1.3.5. Surveys, inspections and media. Any reports, documents or media will not be produced or released until the corresponding invoice has been paid.
- 2.0 Charges and Fee's
2.1. Late invoice fee's for Domestic and Commercial Invoices...
Invoice Ammount. | Late Fee Payable / To Be Added. | Daily Intrest Rate To Be Added Until Paid In Full. |
up to £300.00 | £45.00 | 1% |
£300.01 - £500.00 | £60.00 | 1% |
£500.01 - £1000.00 | £80.00 | 1% |
£1000.01 - £1500.00 | £90.00 | 1% |
£1500.00 an upward | Decided at discretion. | 1% |
- 3.0 Confidentiality
3.1. Confidential Information is non-public information, know-how and trade secrets in any form that are designated by the parties as confidential, or which a reasonable business person knows, or reasonably should understand, to be confidential. The following items are within the definition of Confidential Information without needing to be designated as such: this TOS; any information placed by Client on the Services, as limited by the Privacy Policy (Client Data); and Hydrojet Drain Care's website/server configuration.

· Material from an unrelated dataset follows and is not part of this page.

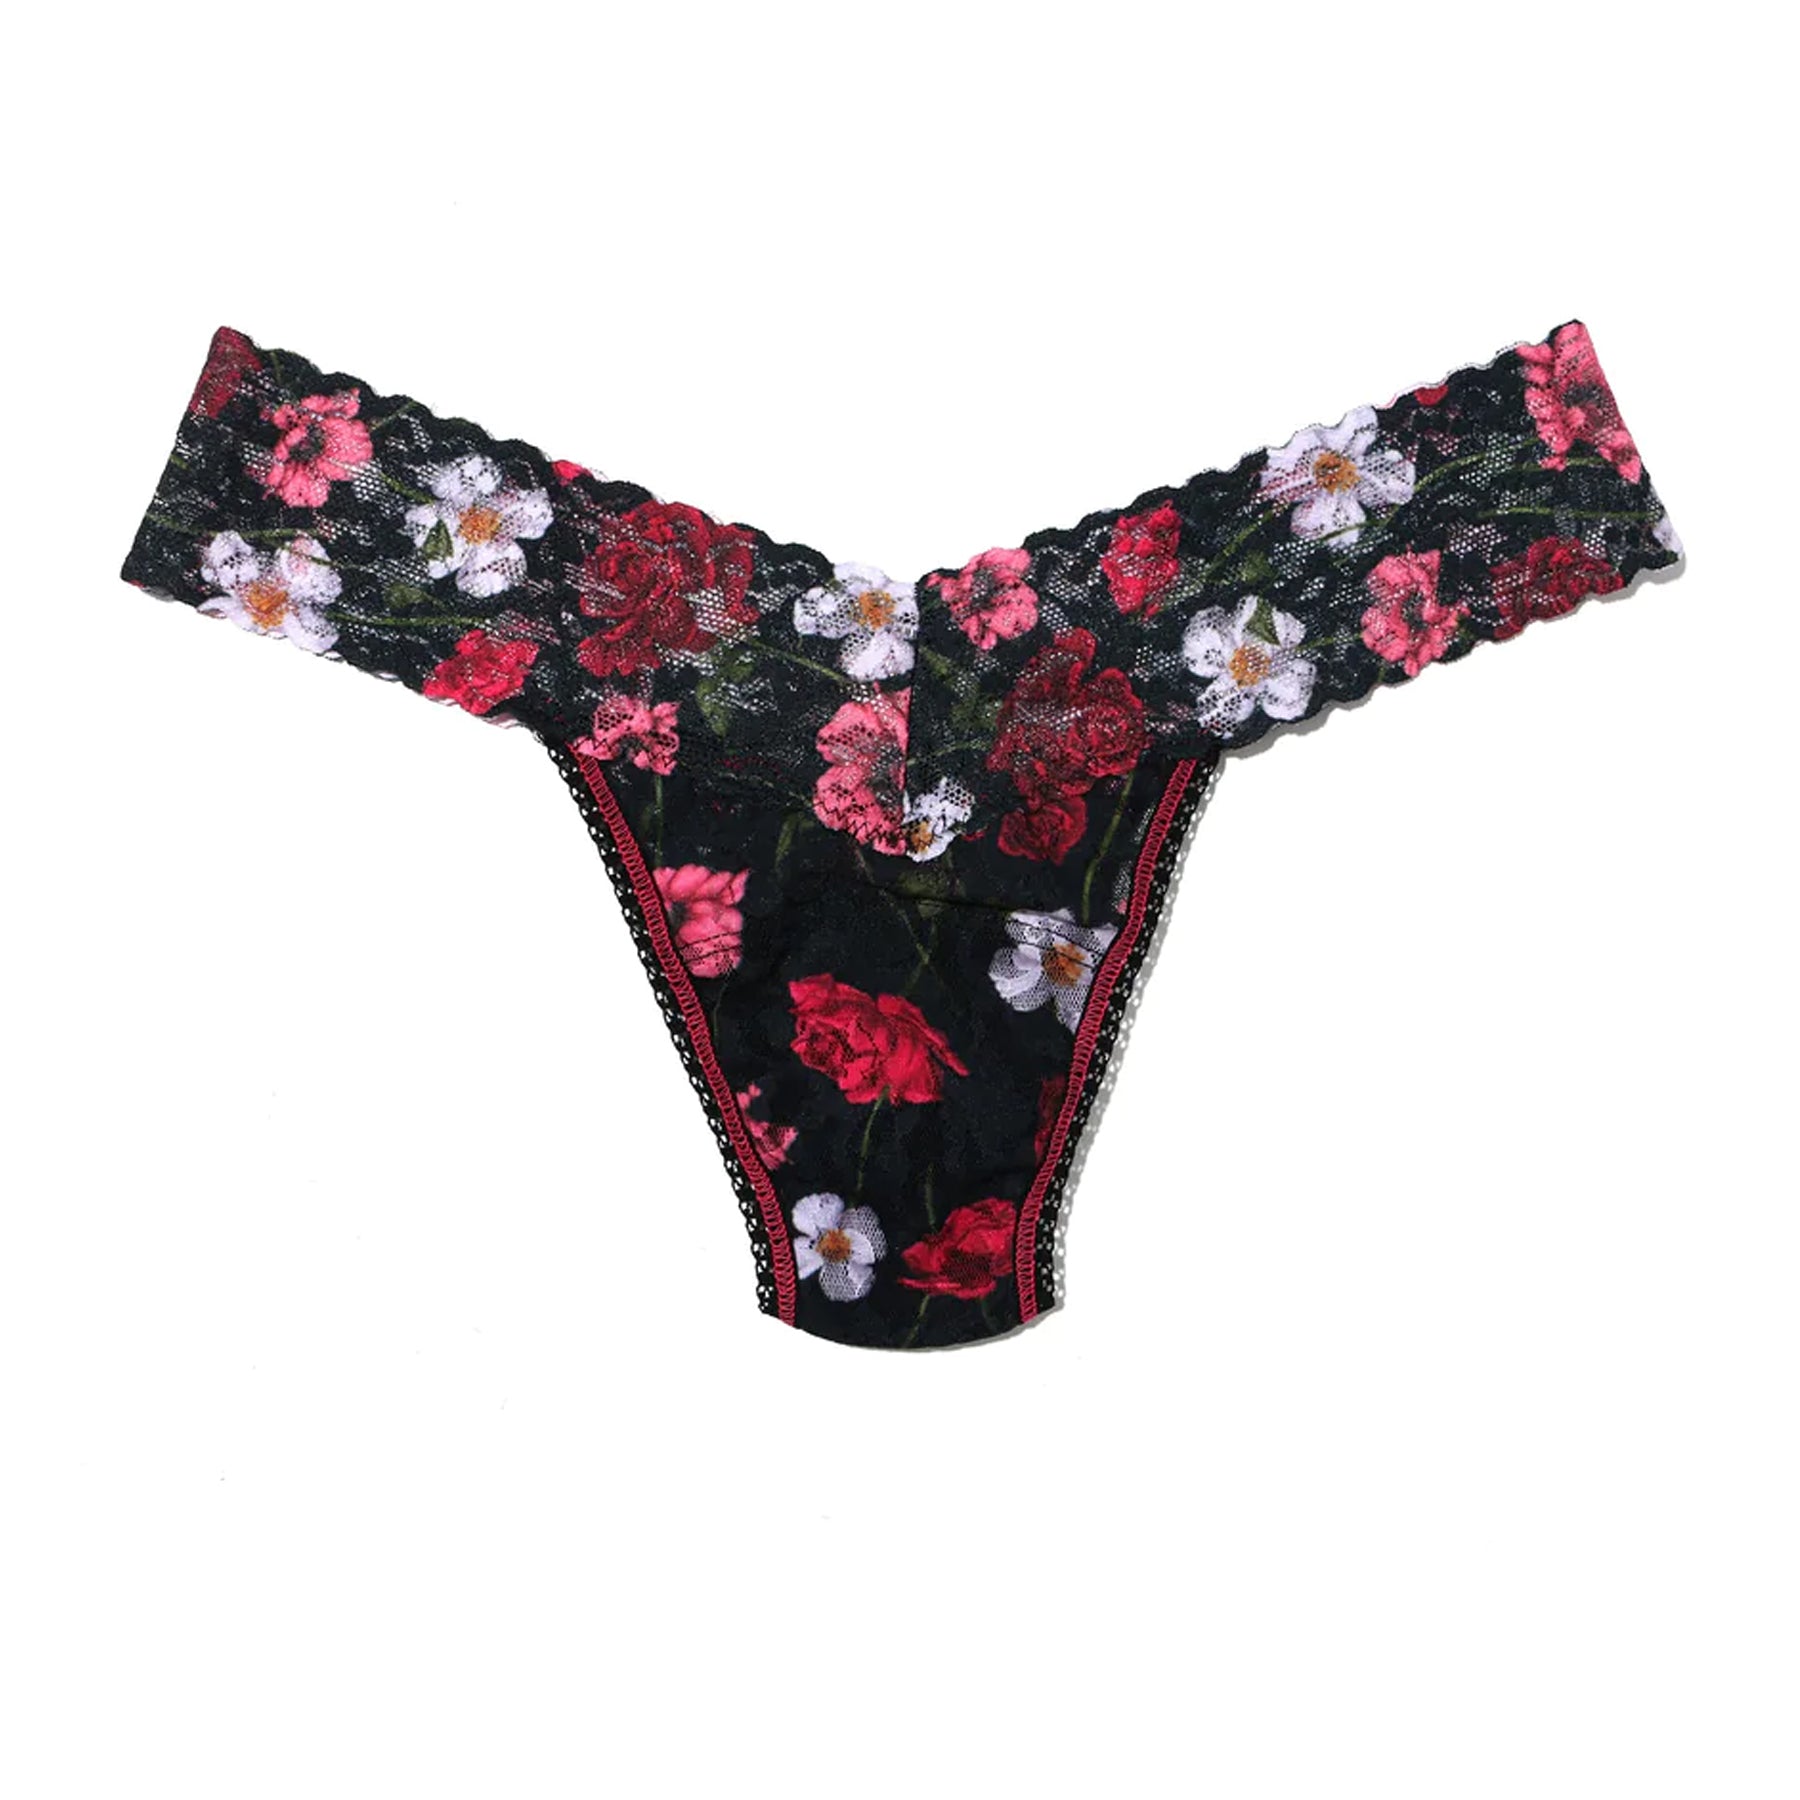 Honeydew Womens Karissa 2 Pack Lace Underwear Hipster Panty BHFO

3.2. The following items are outside the definition of Confidential Information: information that is, or is made, publicly available without a breach of this paragraph; was known by a party without a legal obligation to keep it confidential; is independently developed by a party without reference to the Confidential Information; is a comment or suggestion Client volunteers to improve Hydrojet Drain Care's products or services.

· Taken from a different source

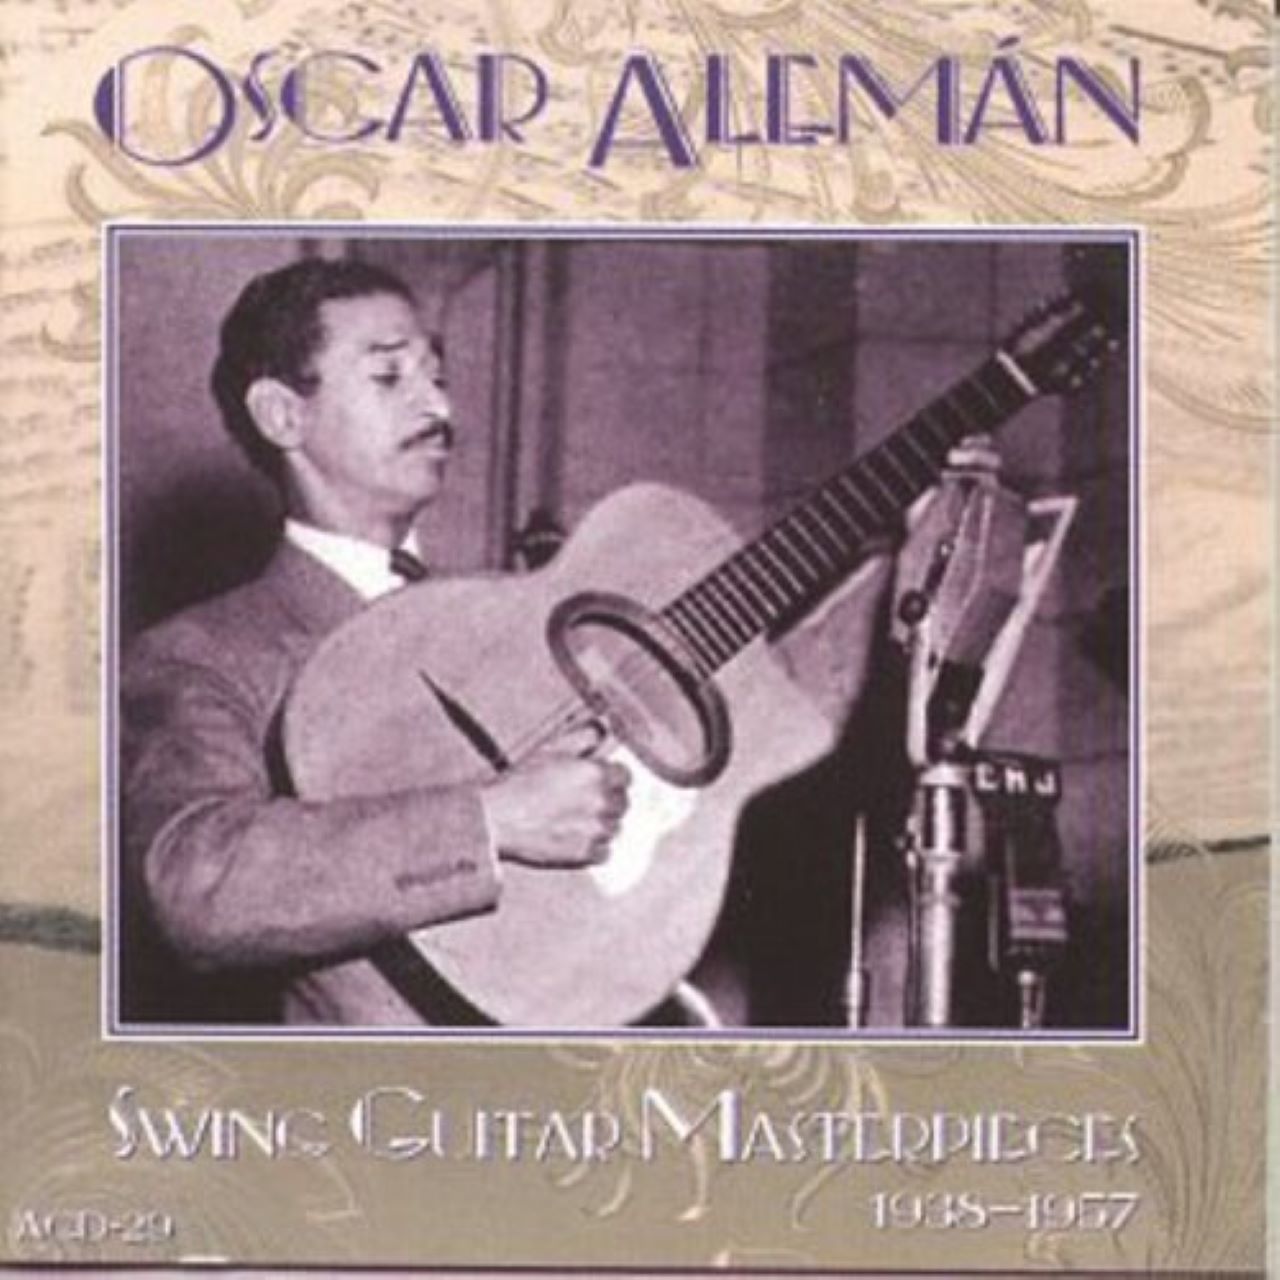 Oscar Alemàn - Swing Guitar Masterpieces 1938-57 cover album

3.3. Subject to this paragraph, the parties agree not to disclose the Confidential Information to third parties, other than as necessary to provide the Services, and then only for the purposes set out in this TOS. The parties agree to take reasonable steps to ensure the security and confidentiality of the Confidential Information, steps at least as protective as those used to protect their own Confidential Information. One party shall notify the other in writing within twenty four hours of its discovery of disclosure of the Confidential Information, and cooperate with the other to regain control and prevent further dissemination of the Confidential Information.
3.4. Either party may not disclose the other's Confidential Information to affiliates, or if required to comply with a court order or other government demand that has the force of law. However, the party subject to the court order agrees to give the other party notice within a reasonable period of time to allow the owner of the Confidential Information to protest it, unless notice is prohibited.
3.5. The obligations of this Section shall remain in effect for three years after termination of this agreement.
- 4. General Provisions
4.1. If HydroJet Drain Care or you are unable to perform our respective obligations due to circumstances outside our reasonable control (Force Majeure Event), performance shall be excused for the period of time that these circumstances persist, contingent on our taking steps to remedy those circumstances. The following circumstances are outside the scope of a Force Majeure Event: lack or unavailability of funds. If HydroJet Drain Care is unable to provide the Services for a period of thirty days or more, not withstanding attempts to remedy the Force Majeure Event, you may terminate the affected Services without application of the Early Termination Charge.
4.2. This TOS is the final, and full, expression of our agreement, and supersedes all prior oral and written communications between the parties about its subject matter.
4.4. This TOS and all agreements incorporated by reference shall be governed by the laws of Wales and United Kingdom, without regard to its choice of laws or conflicts of laws principals.